## Data extract
- Opening Delimiter -
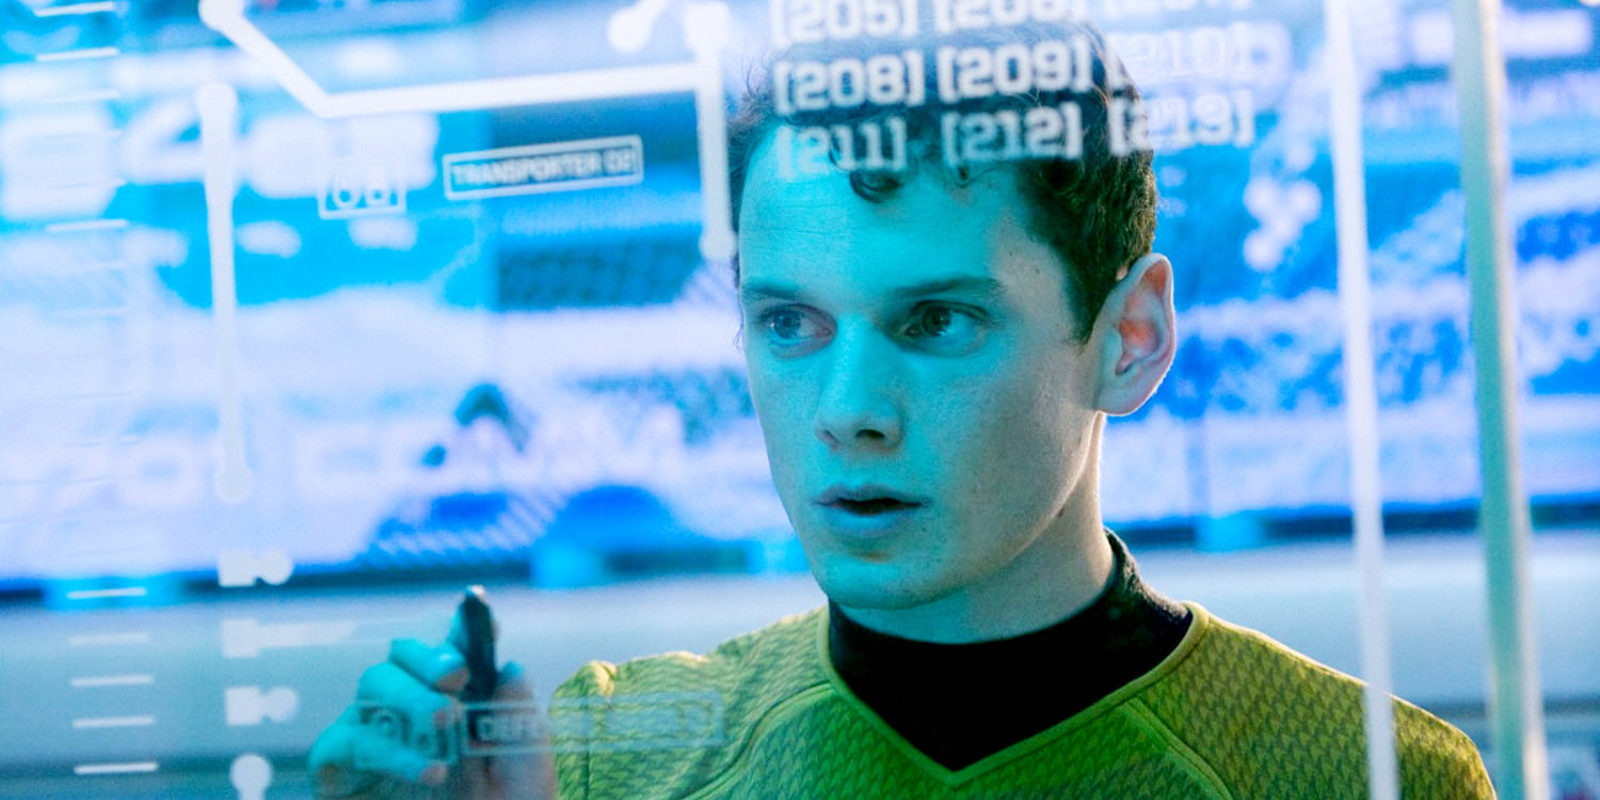 Muere el actor de 'Star Trek' Anton Yelchin a los 27 años atropellado en su propia casa
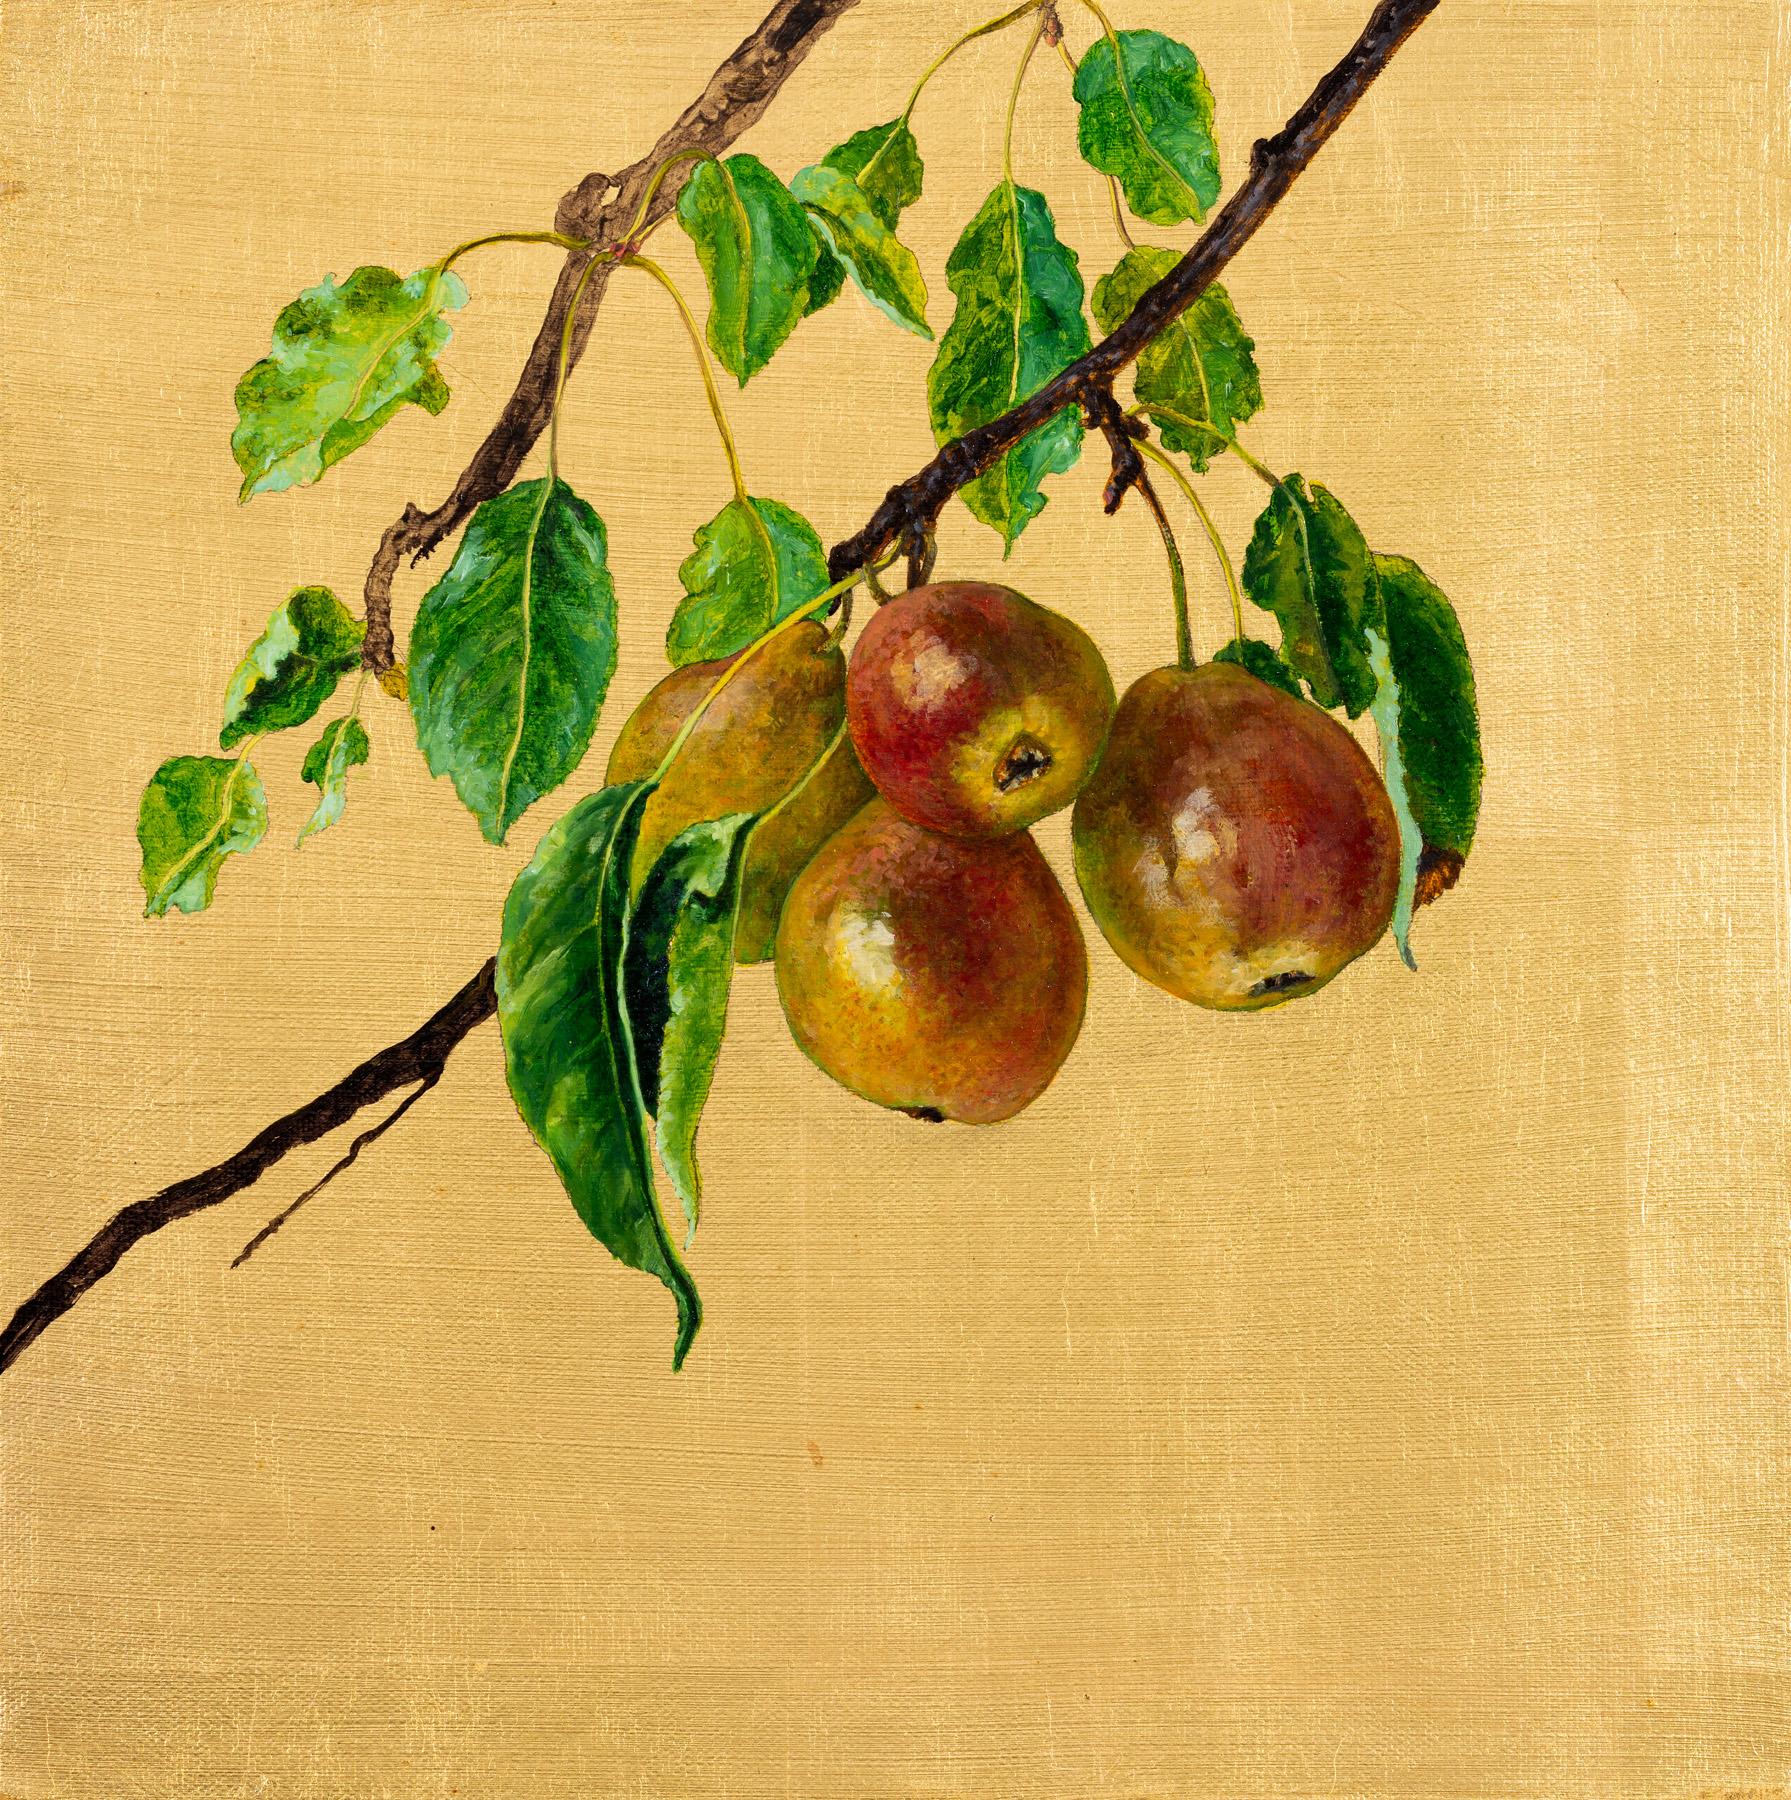 Birnenzweig mit reifen Früchten auf einem goldenen Hintergrund
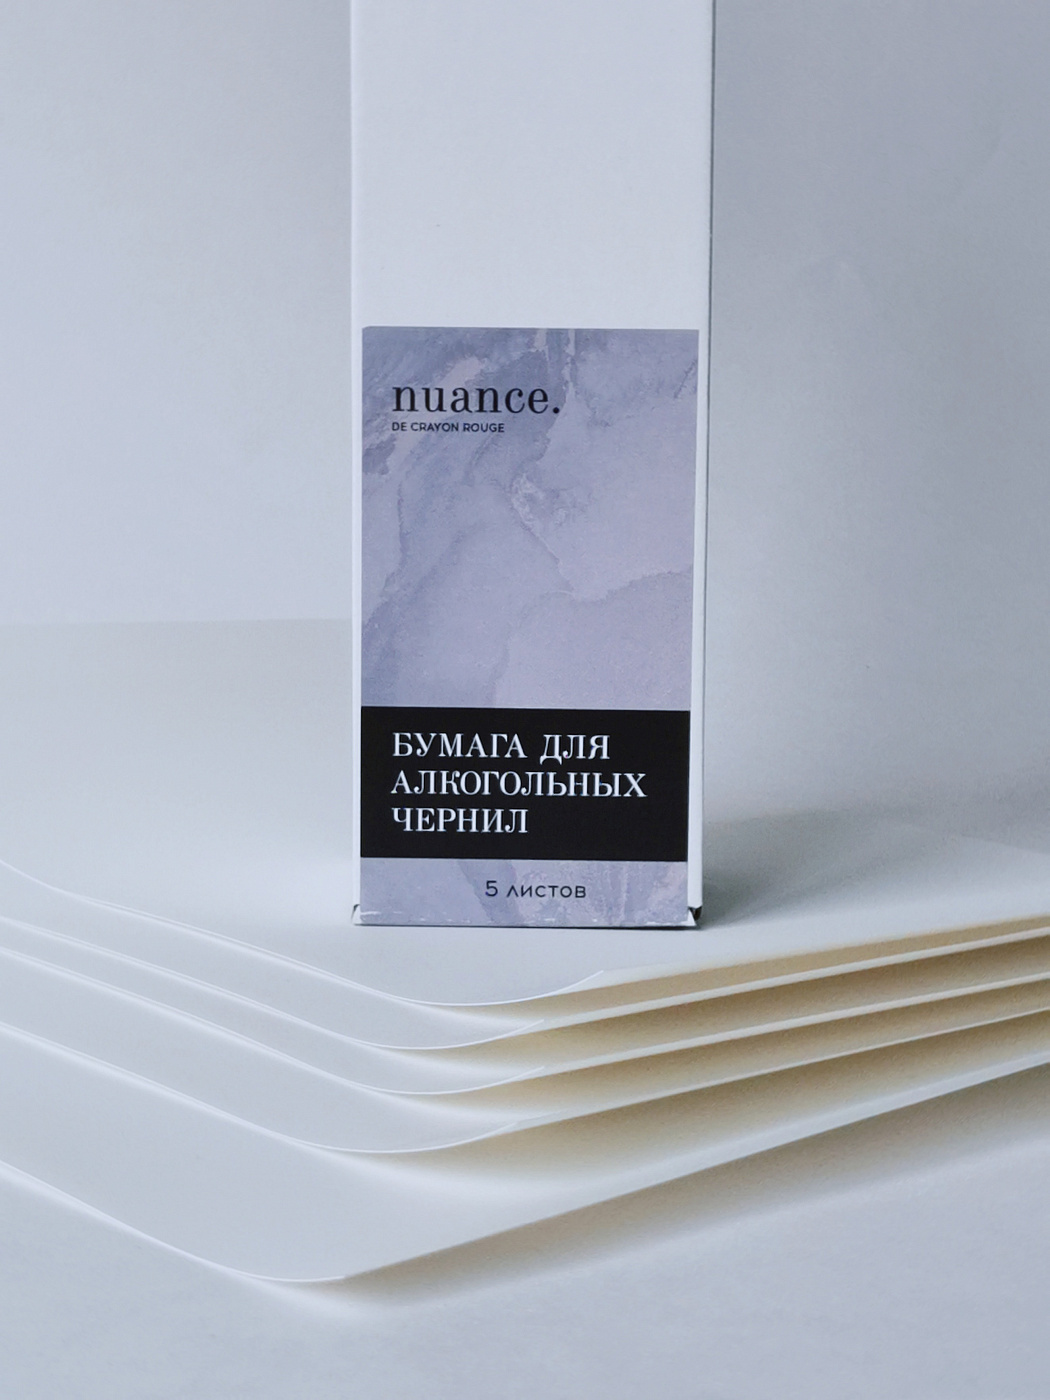 Набор бумаги синтетической (для алкогольных чернил), nuance., 50 х 70 см, 5 листов
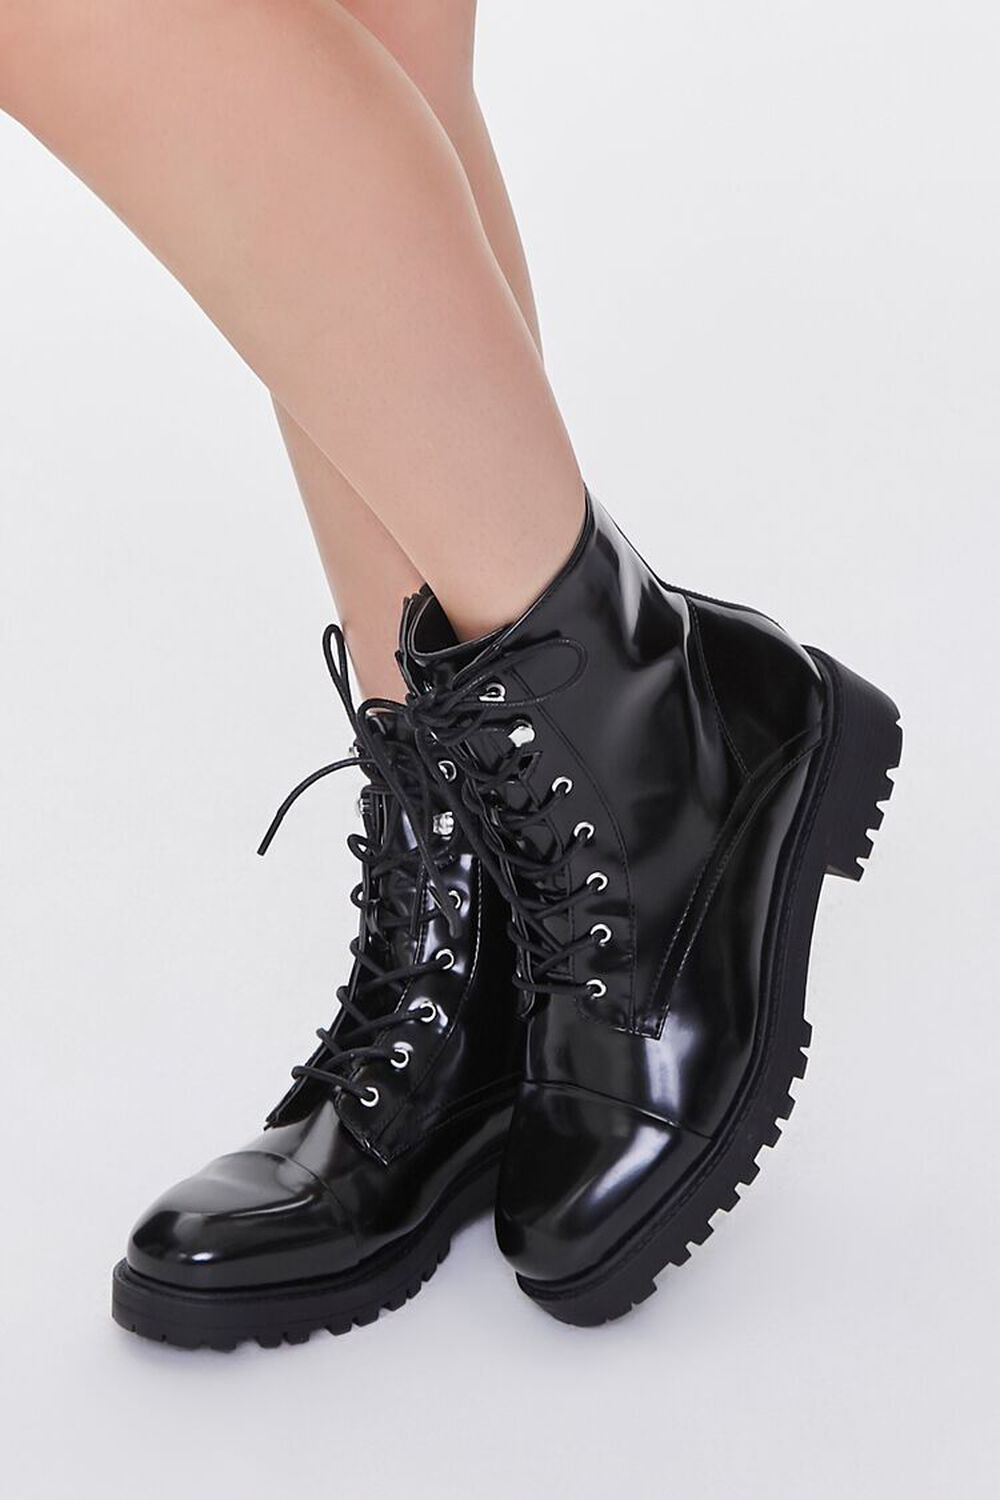 BLACK Faux Leather Combat Boots, image 1
- Closing Delimiter -
Omitting all pictures, retype exactly the lines from the line containing "Birnenzweig mit reifen" down to the last line above, both ends included.

 Birnenzweig mit reifen Früchten auf einem goldenen Hintergrund
 Набор бумаги синтетической (для алкогольных чернил), nuance., 50 х 70 см, 5 листов
 BLACK Faux Leather Combat Boots, image 1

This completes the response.